Demonstration of lack of collaboration between HOXA9 and PREP1 in leukemogenesis. (A) Survival graph demonstrating that co-overexpression of PREP1 with HOXA9, in contrast to that with MEIS1, does not accelerate the occurrence of the HOXA9-induced AML. The survival of the HOXA9-MEIS1 mice was significantly shorter than that of the HOXA9 mice (P < 0.001, two-tailed Student's t test) and the HOXA9-PREP1 mice (P < 0.001). (B) Western blot analysis of total-cell lysates from the HOXA9 and PREP1 viral producer cells. The membrane was probed with rabbit anti-human PREP1 polyclonal antibody. The position of the full-length 64-kDa PREP1 protein is indicated. Two minor products, as previously described (5), are also detected (one generated by an internal ATG site). (C) Southern blot analysis of DNA isolated from bone marrow of primary and secondary HOXA9-PREP1 mice. The DNA was digested with EcoRI, which cuts the integrated provirus once, thus generating a unique fragment for each proviral integration site. The membranes were hybridized first with a neo-specific probe for the detection of the HOXA9 proviral fragment(s) (top panel) and subsequently with a puro-specific probe to detect the PREP1 proviral fragment(s) (bottom panel).
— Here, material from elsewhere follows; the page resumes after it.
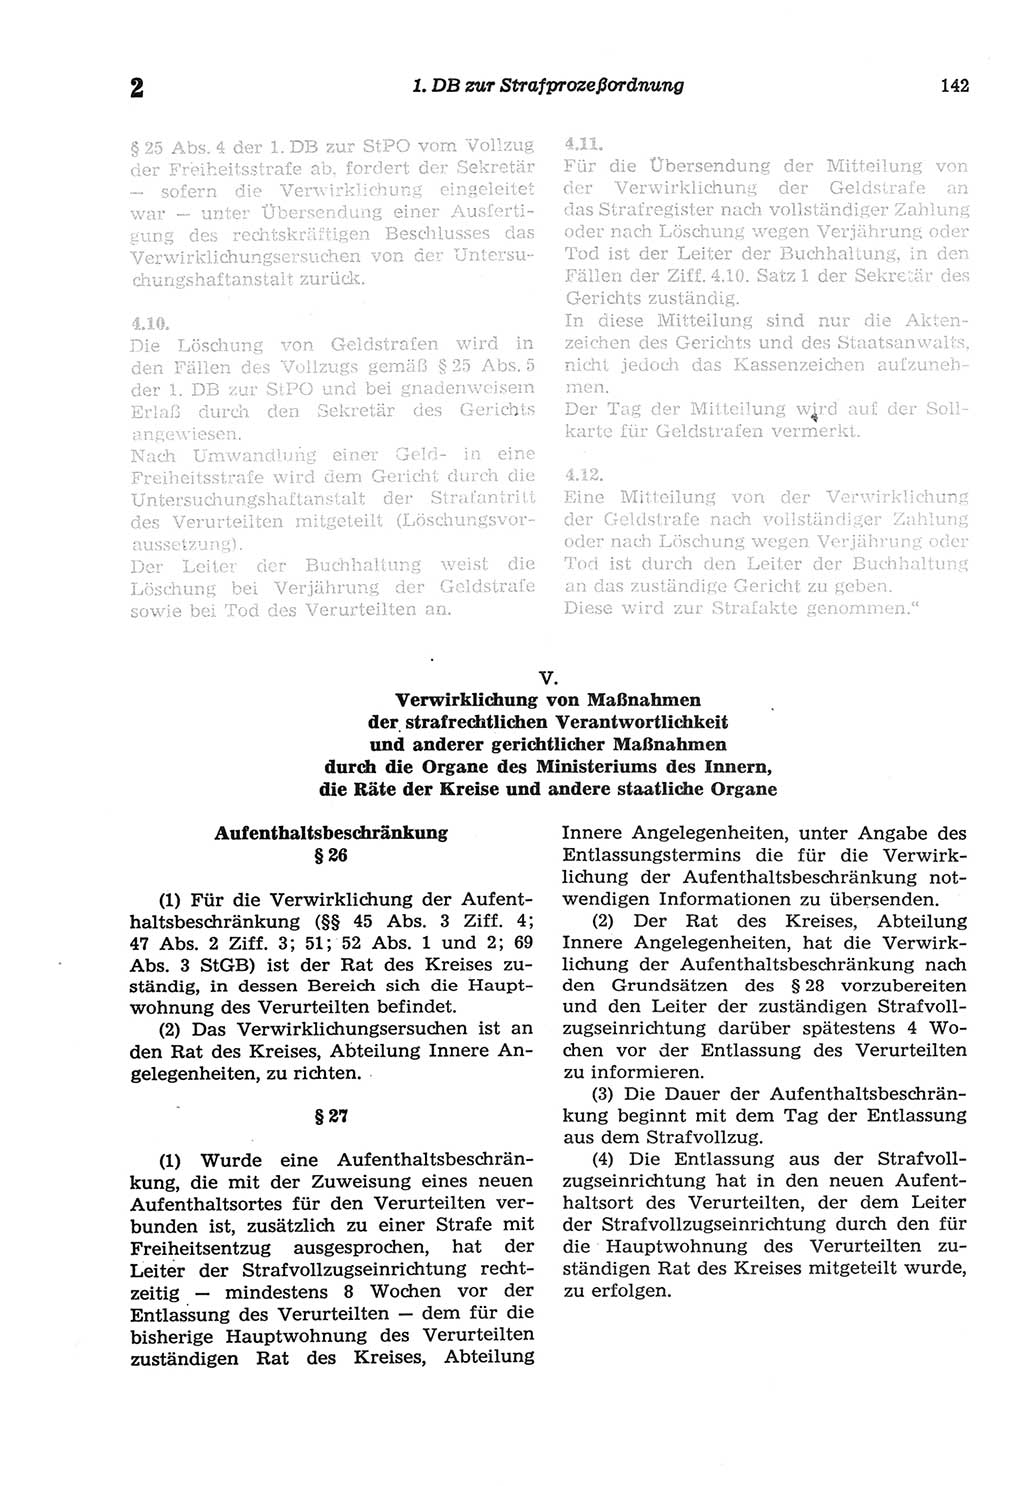 Strafprozeßordnung (StPO) der Deutschen Demokratischen Republik (DDR) sowie angrenzende Gesetze und Bestimmungen 1977, Seite 142 (StPO DDR Ges. Best. 1977, S. 142)

For clarity, the three different clones detected in the primary and secondary recipients of mouse 2 are labeled a, b, and c. (D) Northern blot analysis of total RNA (10 μg) isolated from bone marrow and spleen cells of the HOXA9-PREP1 mice. The membranes were hybridized with full-length HOXA9 and PREP1 cDNA probes. In panels C and D, each primary recipient is identified with a specific number, and its secondary recipients are identified with a derivative thereof (e.g., 1.1, 1.2, etc.). B, bone marrow; S, spleen.